Differences in Mechanism Design
The choice of who acts as the prover significantly affects the design and implementation of the verification system. When the model company is the prover, the focus is on protecting the company's intellectual property while providing a way to authenticate the generated content. This approach is beneficial for maintaining the integrity and security of the model itself.
On the other hand, when users are the provers, the system emphasizes user ownership and control over the generated images. This method supports a decentralized approach, where individual creators have the power to prove the authenticity of their work independently.
So What?
Consider a scenario involving politically driven deepfakes. Suppose a malicious actor creates a deepfake video using an AI model, depicting a politician making controversial statements. The video is then shared widely on social media, potentially influencing public opinion and election outcomes.
If the AI model company is the prover, each AI-generated video can be linked to a public key that is stored on a blockchain. When the video is shared, viewers or independent auditors can check the blockchain to verify if the video was generated by the AI model. This ensures the video's authenticity without exposing the model's architecture and weights.

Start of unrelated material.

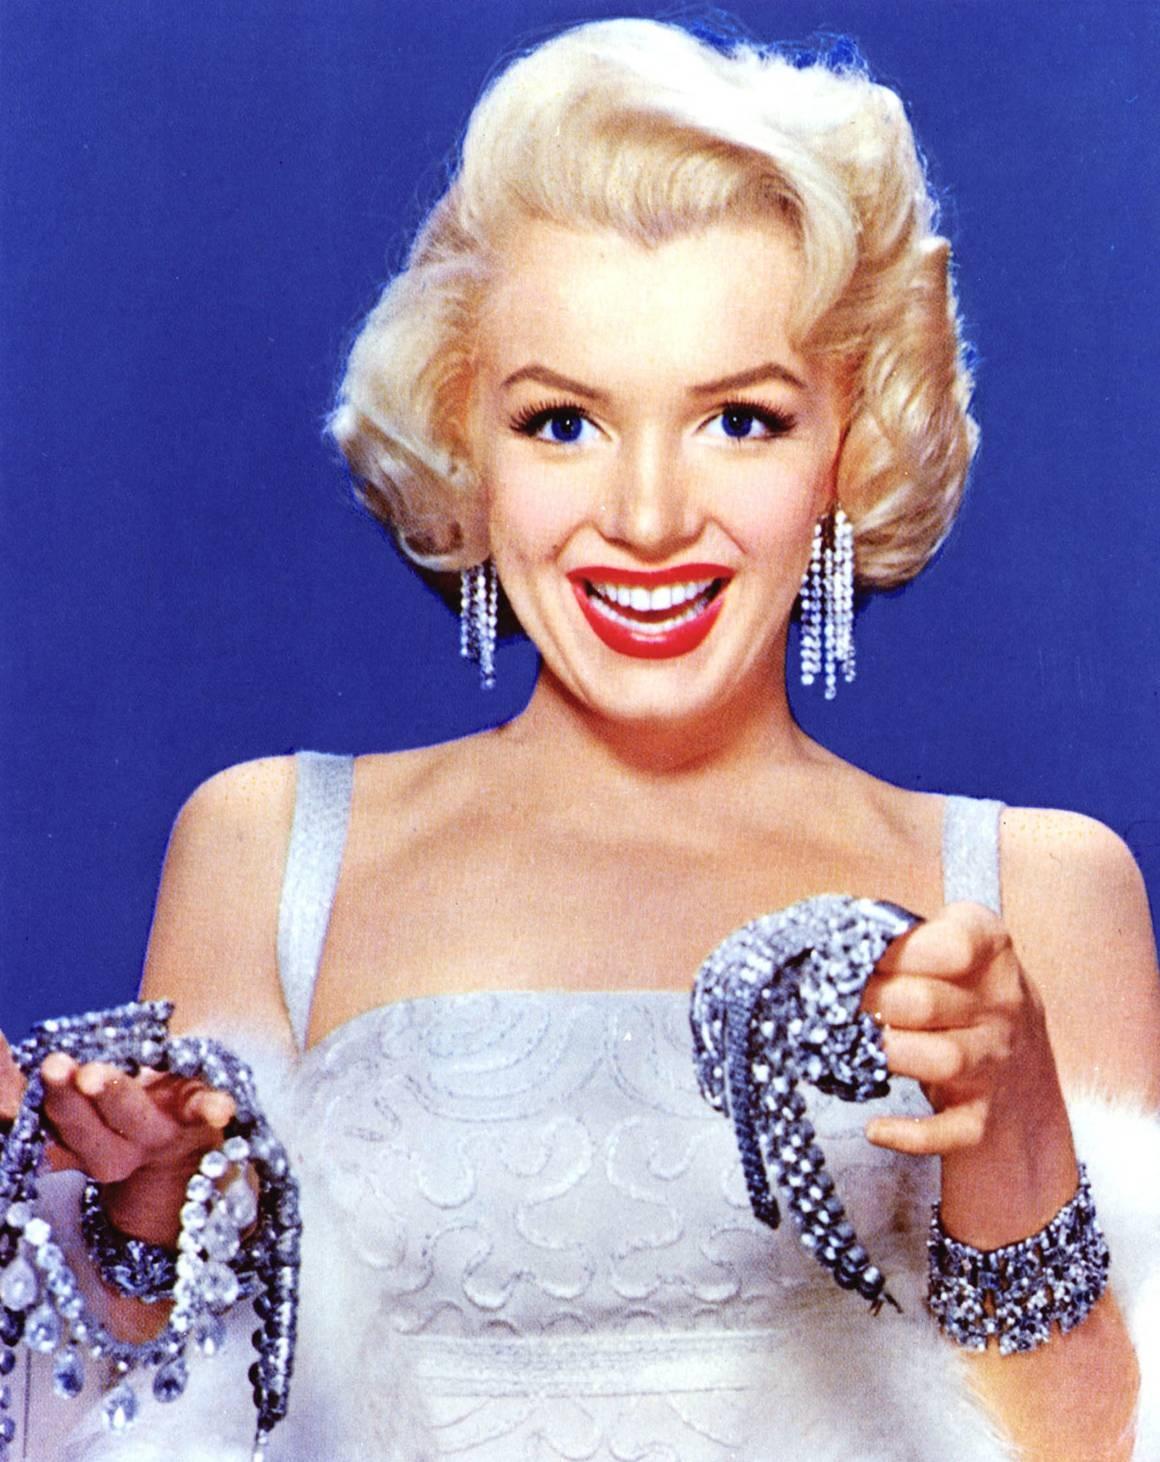 http://1.bp.blogspot.com/-_PEJnHv0acA/Ta4YyEQvNYI/AAAAAAAABCw/KY3nAe0xMQk/s1600/Annex+-+Monroe%252C+Marilyn_NRFPT_084.jpg

Alternatively, if users are the provers, individuals who create and share AI-generated content would have their own private keys, with public keys linked to their creations. This allows content creators to authenticate their work, and viewers can verify the source of the video. This decentralized approach empowers users to maintain control over their content while ensuring transparency.
Takeaways
"If we knew what we were doing, it would not be called research, would it?"
~ Albert Einstein
The prospect of verifying the source of deepfakes is an ongoing technical problem that will be solved with enough time and resources. Despite its promise, the application of zero-knowledge proofs in verifying AI-generated images is not without challenges. Access to the model's source code could enable bad actors to bypass verification mechanisms. Additionally, alterations to AI-generated images using tools like Photoshop might complicate their classification as AI-generated. Therefore, while ZKPs offer a promising avenue for tracking AI-generated content, they are not a complete solution. Zero-knowledge proofs might be one component of a larger technological framework needed to verify and authenticate AI-generated images. Verifying deepfakes and AI-generated content is an ongoing and unpredictable technical challenge. Policy interventions regarding deepfakes should not be prescriptive. Policies that require specific technological interventions such as watermarks will be quickly outdated as innovators identify more effective ways to handle deepfakes.
Hey Logan, interesting take on ZKPs for AI verification. While I see the potential, I'm not fully convinced it's the best solution. Here's my perspective:
I think something like Twitter's Community Notes might be more practical for dealing with deepfakes. ZKPs sound promising, but I'm concerned about the data storage and compute resources they'd require. Is it really necessary (or feasible) to verify every AI image so intensively?
As AI-generated content becomes more common, I suspect we'll naturally become more skeptical of what we see online. While ZKPs could be one way for platforms to verify content, I wonder if simpler, less resource-intensive methods might emerge for everyday use. We might end up relying more on a combination of technological solutions and human judgment, like trusting certain individuals and organizations with solid track records.
Don't get me wrong, ZKPs could be useful for highly sensitive content. But for everyday stuff? Seems like overkill to me.
What are your thoughts on these concerns? Am I missing something about how ZKPs would work in practice?